Source material:
┌────────
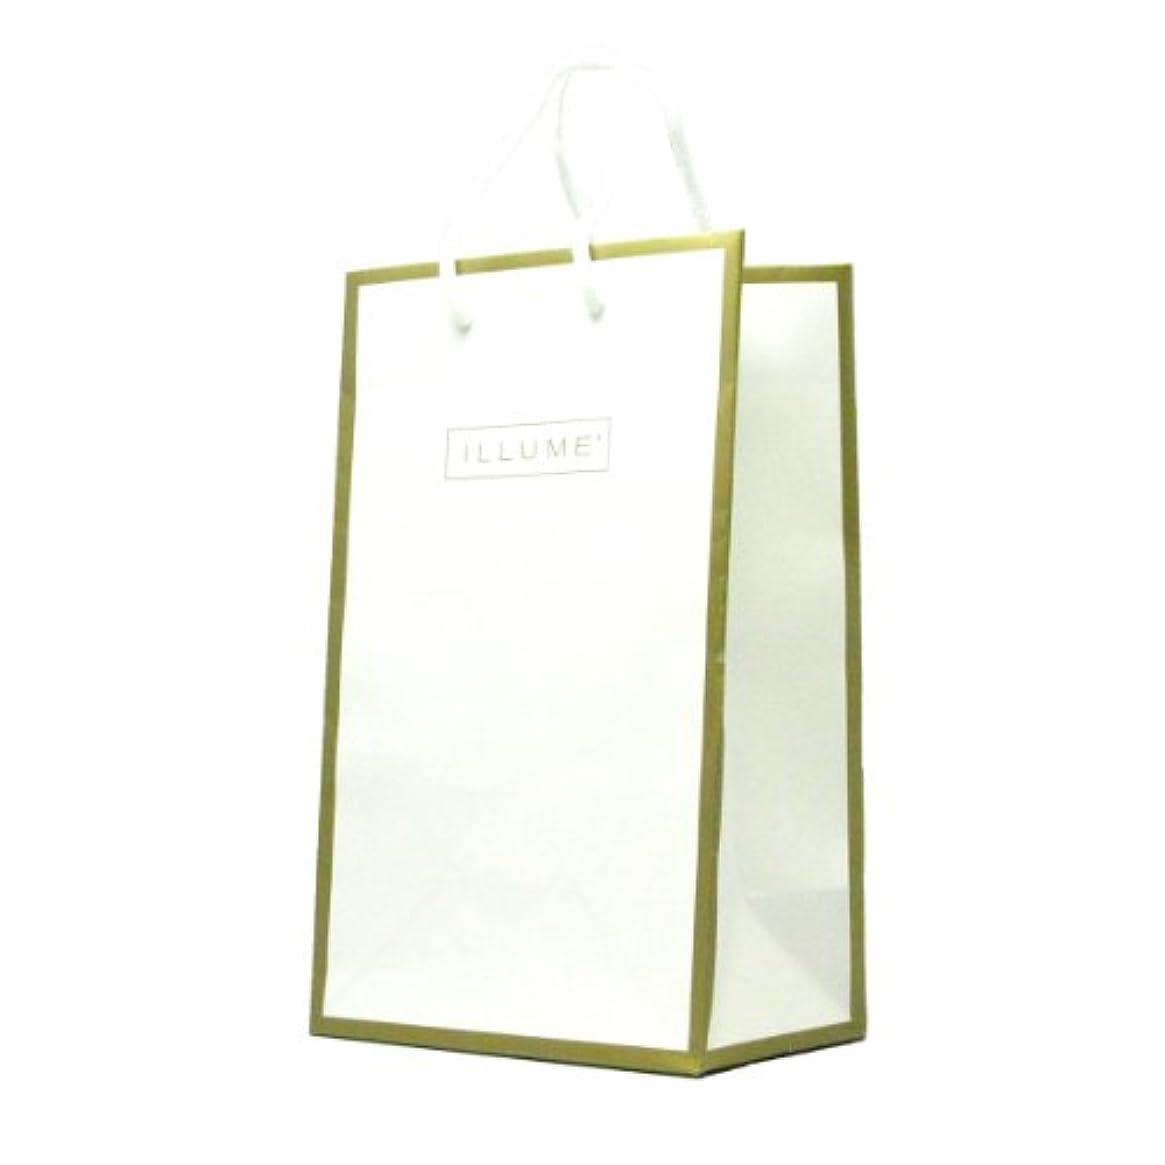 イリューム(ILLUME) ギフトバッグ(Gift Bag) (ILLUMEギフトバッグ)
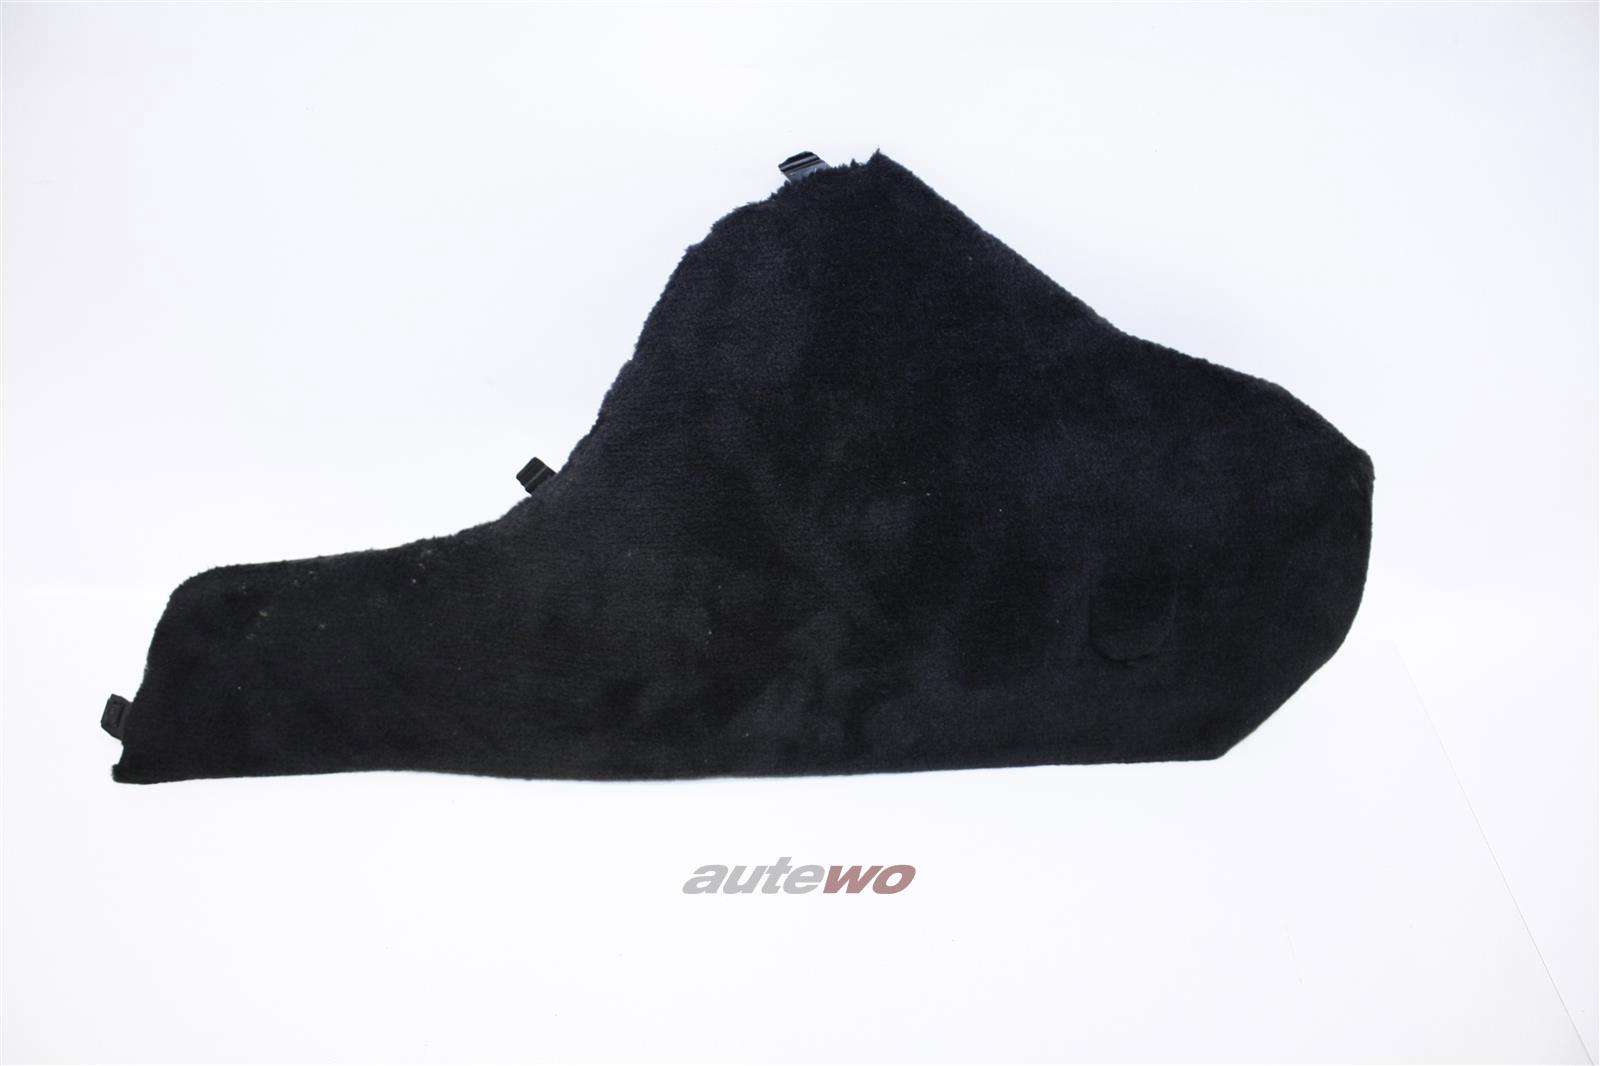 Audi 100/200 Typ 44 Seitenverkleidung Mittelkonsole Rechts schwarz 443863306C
└────────
┌────────
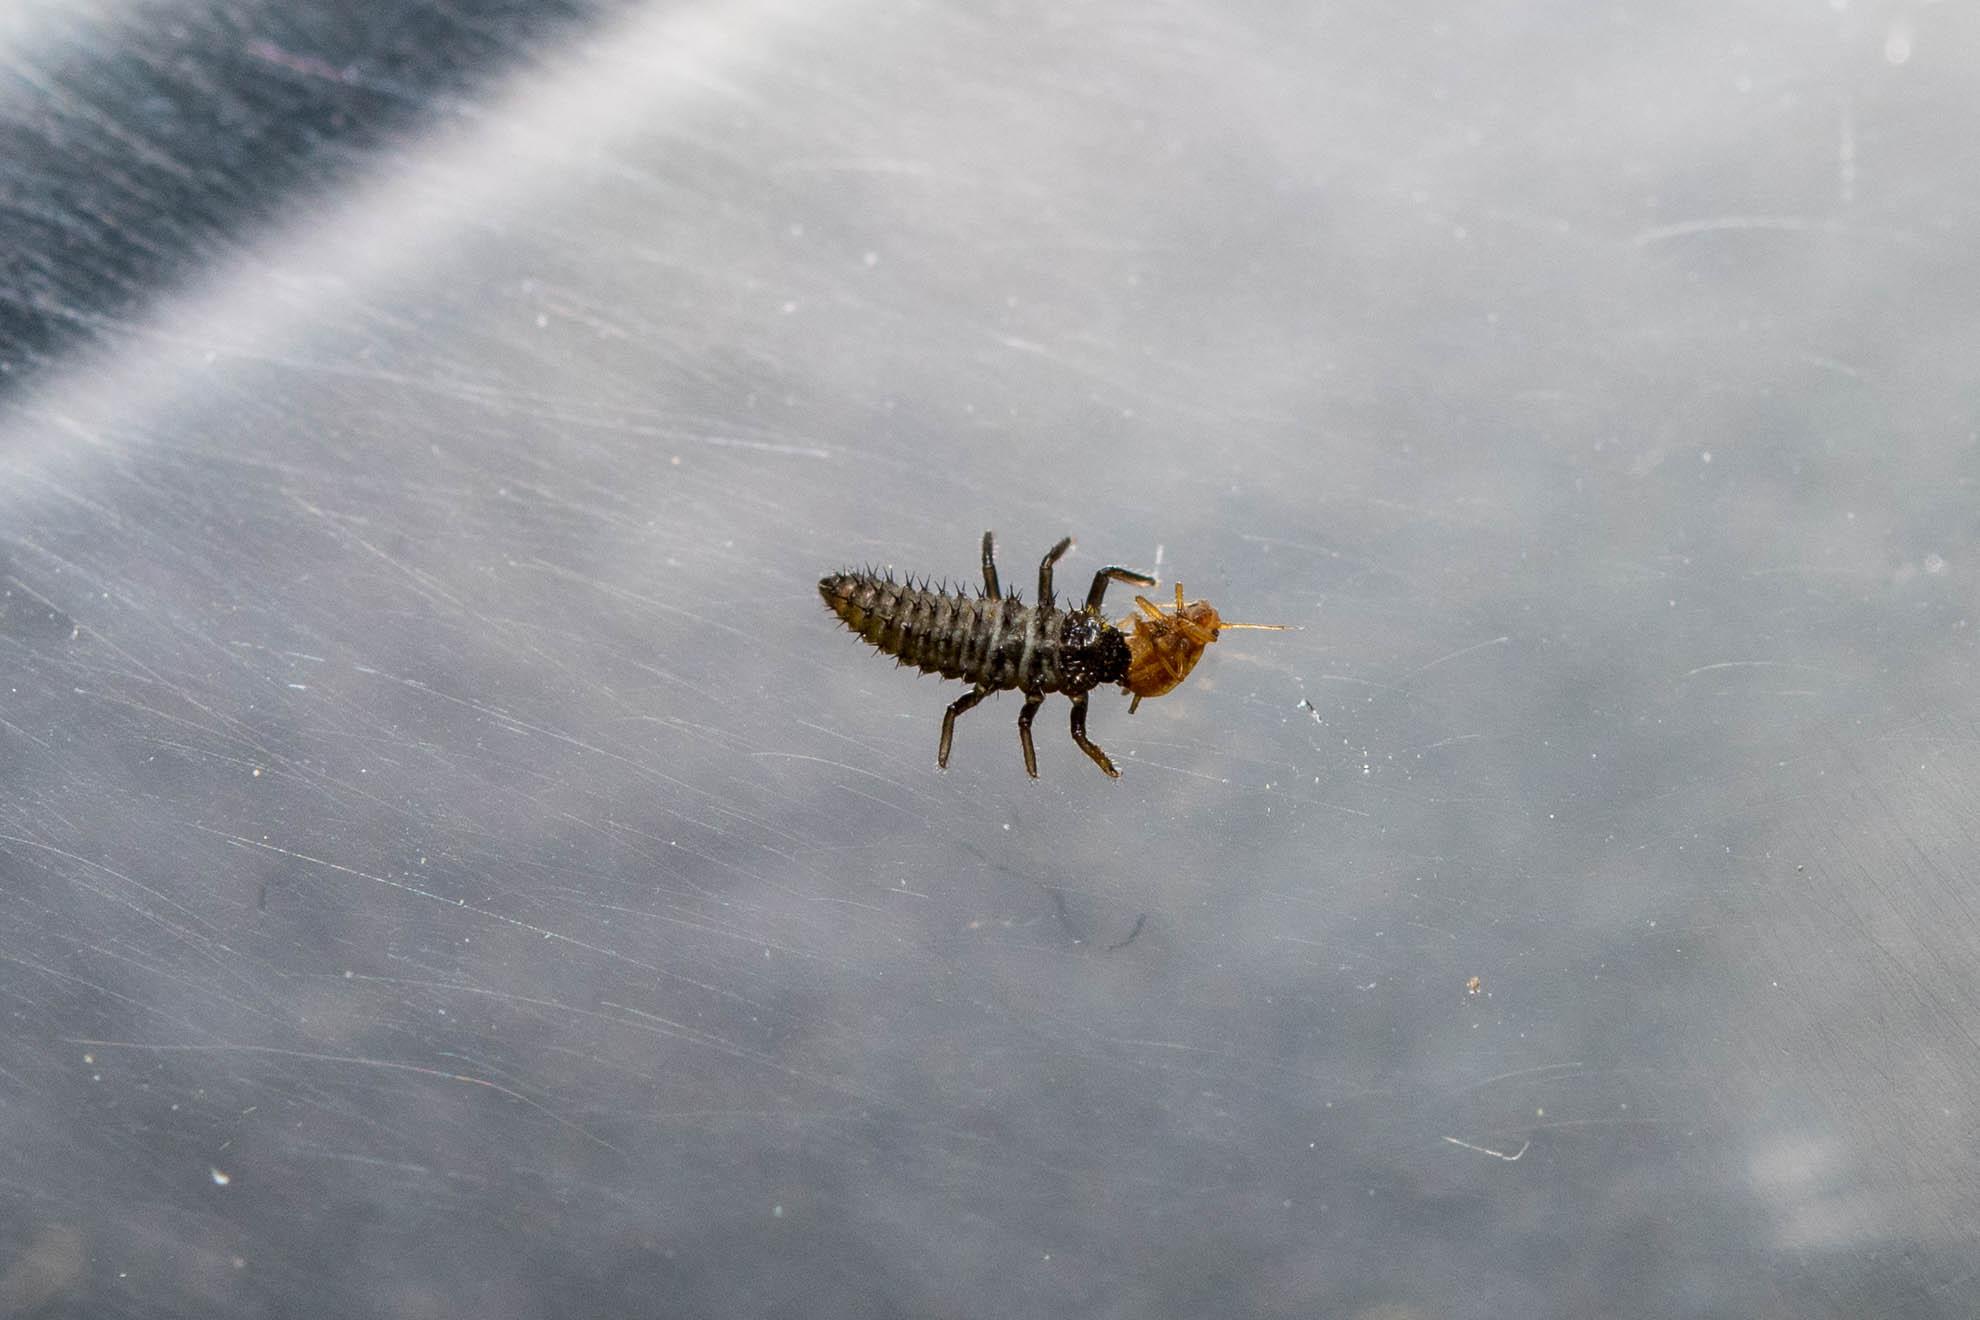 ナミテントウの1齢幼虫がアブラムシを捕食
└────────
Requirement: Copy the lines above between the one holding "イリューム(ILLUME) ギフトバッグ(Gift Bag)" and the one holding "Audi 100/200 Typ", inclusive. Drop the pictures.

Response area:
 イリューム(ILLUME) ギフトバッグ(Gift Bag) (ILLUMEギフトバッグ)
 Audi 100/200 Typ 44 Seitenverkleidung Mittelkonsole Rechts schwarz 443863306C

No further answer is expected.